Seattle Medical Examiner's Office

     Doctor Margrette Cousins was a stately woman in her forties with platinum blonde hair and a faint German accent. Her stride matched Mulder's as the two walked down the hallway between her office and the autopsy room.

     "I was looking forward to meeting Doctor Scully. Will she be coming by later?"

     Mulder scratched his ear nervously. For all he knew, Scully was on a flight back to D.C. by now. "She wasn't feeling well-it was a rough flight out. Hopefully she'll get over it."

      Dr. Cousins nodded. "I hope so, too. I must say, I was quite taken aback when she called me. I've read several monographs she's published in the Journal of Forensic Pathology and I was hoping to have an opportunity to discuss them with her."

     Mulder watched as the tall woman unlocked the door to the lab. He wasn't aware that Scully had published recently. It wasn't the kind of thing they discussed.

     The body she pulled out of the morgue cooler bore the same gray pallor and Y-incision necklace of Frankenstein stitches as every other post-autopsy corpse he'd ever laid eyes on. They all seemed anonymous and the same yet to the likes of Scully and Cousins every square inch of tissue, every ounce of blood yielded facts that could reveal mysteries. Or confound mysteries even further.

     "As I told Dr. Scully on the phone, nothing in the autopsy turned up anything unusual until I ran the blood tox."

     Mulder kept his hands folded tightly across his chest as he scanned the body. "Nothing at all? No signs of foul play?"

     Cousins looked at him like he hadn't been paying attention. "Agent Mulder, foul play is the last thing that killed these women. If anything, it was an environmental agent of some kind which triggered their coma and produced the abnormal post-mortem blood chemistry."

     Mulder noticed Cousins' gaze shift and looked over his shoulder to see Scully approaching them. He hadn't heard her enter the room.

     "Do you have any theories on how that agent might have been introduced into the subject?" Scully asked Cousins.

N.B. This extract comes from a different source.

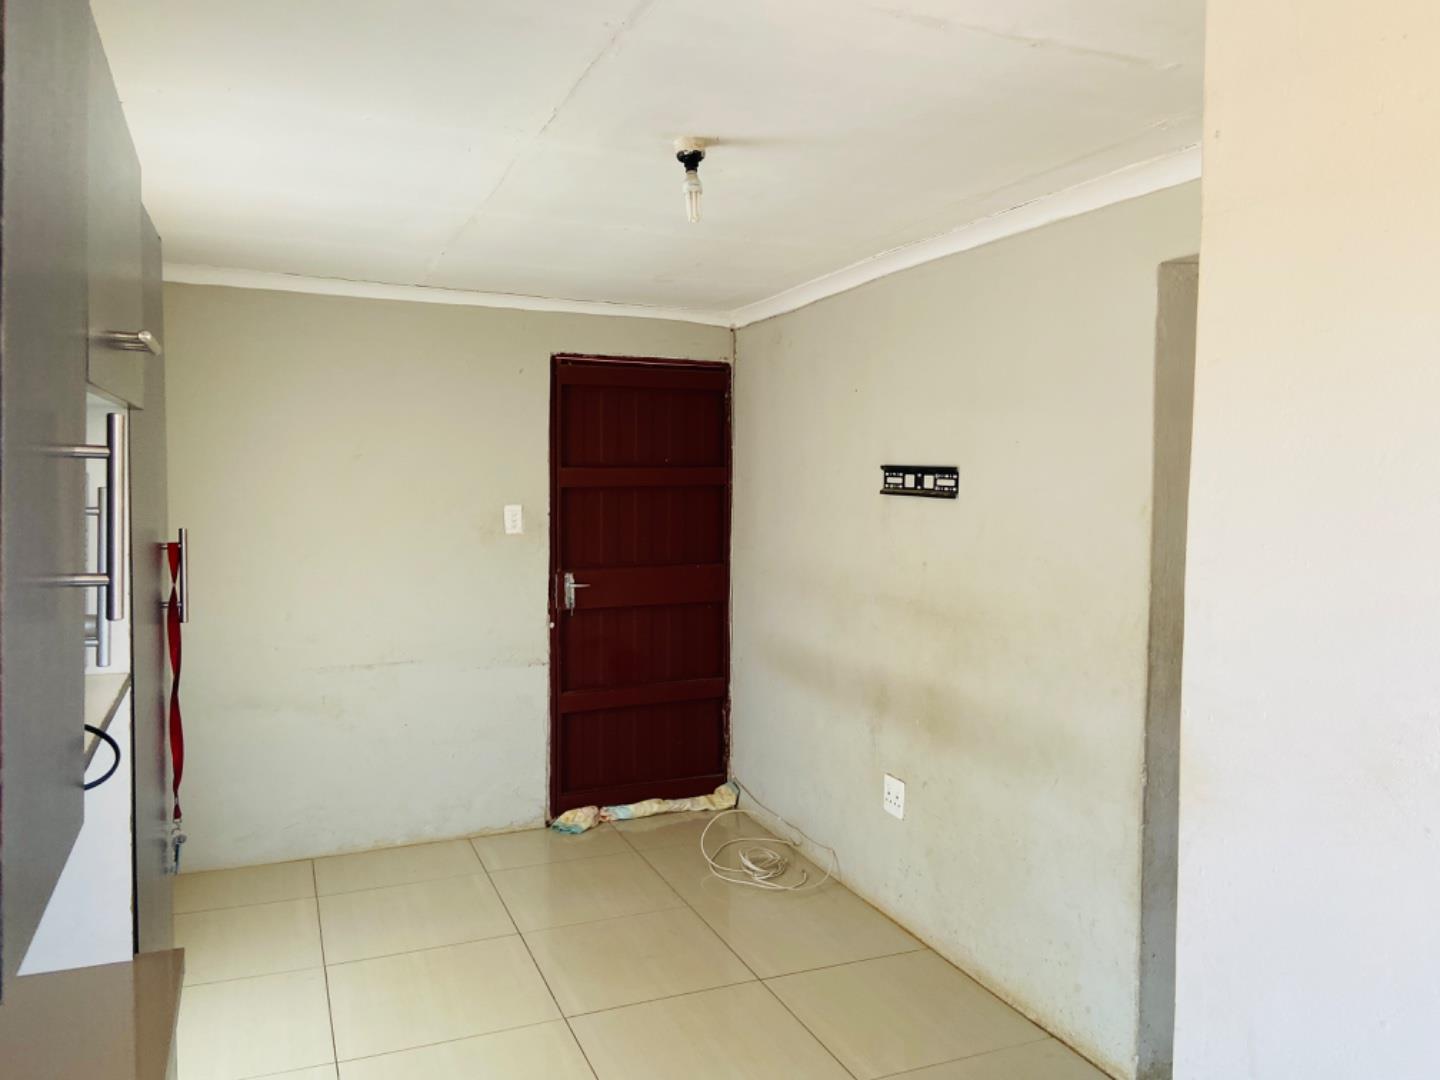 2 Bedroom Property for Sale in Soshanguve S Gauteng

     "Plenty," the doctor replied. "It could have been anything-food, water, airborne particles. That's why I contacted the CDC, initially. None of these women had had blood transfusions, which disproved my first hypothesis."

     Scully nodded. "Doctor, would you mind if I re-autopsied the subject?"

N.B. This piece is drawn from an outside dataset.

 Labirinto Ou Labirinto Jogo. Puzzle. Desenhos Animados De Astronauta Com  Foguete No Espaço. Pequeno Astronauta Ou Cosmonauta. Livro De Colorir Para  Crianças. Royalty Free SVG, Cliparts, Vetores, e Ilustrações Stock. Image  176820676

     "Not at all," Cousins replied. "It would be my privilege to assist." She extended her hand across the body. It's a pleasure to meet you, Doctor Scully. Please, call me Margrette."

     Scully took a step forward. Mulder noticed she was careful to avoid looking at him or making contact as she extended her hand in return. She was smiling brightly at Cousins, as if she were a long lost friend. "Well, in that case, it's Dana."

     The two doctors retraced every step of Cousin's initial autopsy and pursued all of Scully's hypotheses as well, even running their own chemical tests after the lab had closed for the evening, but none of it yielded anything remarkable. Mulder had gone long ago, to wherever it was he need to go to gather evidence to support his theory. Nine PM had come and gone, and Scully was exhausted and hungry, but her determination to find something substantial with which to refute Mulder's theory kept her pushing on.

     She looked down at the lifeless body of Annie McLaughlin and silently promised her she wouldn't give up until she found an answer that gave some kind of rational meaning to her meaningless death.

     Scully turned to the door as she heard Margrette enter. She had left briefly to retrieve the full body X-rays they had done earlier in the evening.

     "Well, this probably won't tell us anything we don't know, but at least we can say we left no stone unturned." She turned on the viewer and snapped up each X ray, reciting them like a litany: "Anterior pelvic, anterior thoracic, anterior cervical, anterior cranial, posterior cranial, posterior cervical-"

     Scully's eyes fixated on the X-ray of Annie's neck, and closed her eyes to clear her vision. It was late, she was beyond exhausted, and her mind was playing tricks on her, flashing back to a similar X-ray three years ago. When she opened her eyes, her mind would be clear again. And the small circular white spot appearing on the back of the dead woman's neck wouldn't be there.

     Yet it was.

     Wordlessly, Scully went back to the autopsy table. She rolled McLaughlin's slight body over, only vaguely aware of Margrette's inquiring voice. With her left hand she palpated the soft tissue of her neck, grown dense with rigor mortis. Her right hand fumbled for a scalpel on the instrument tray.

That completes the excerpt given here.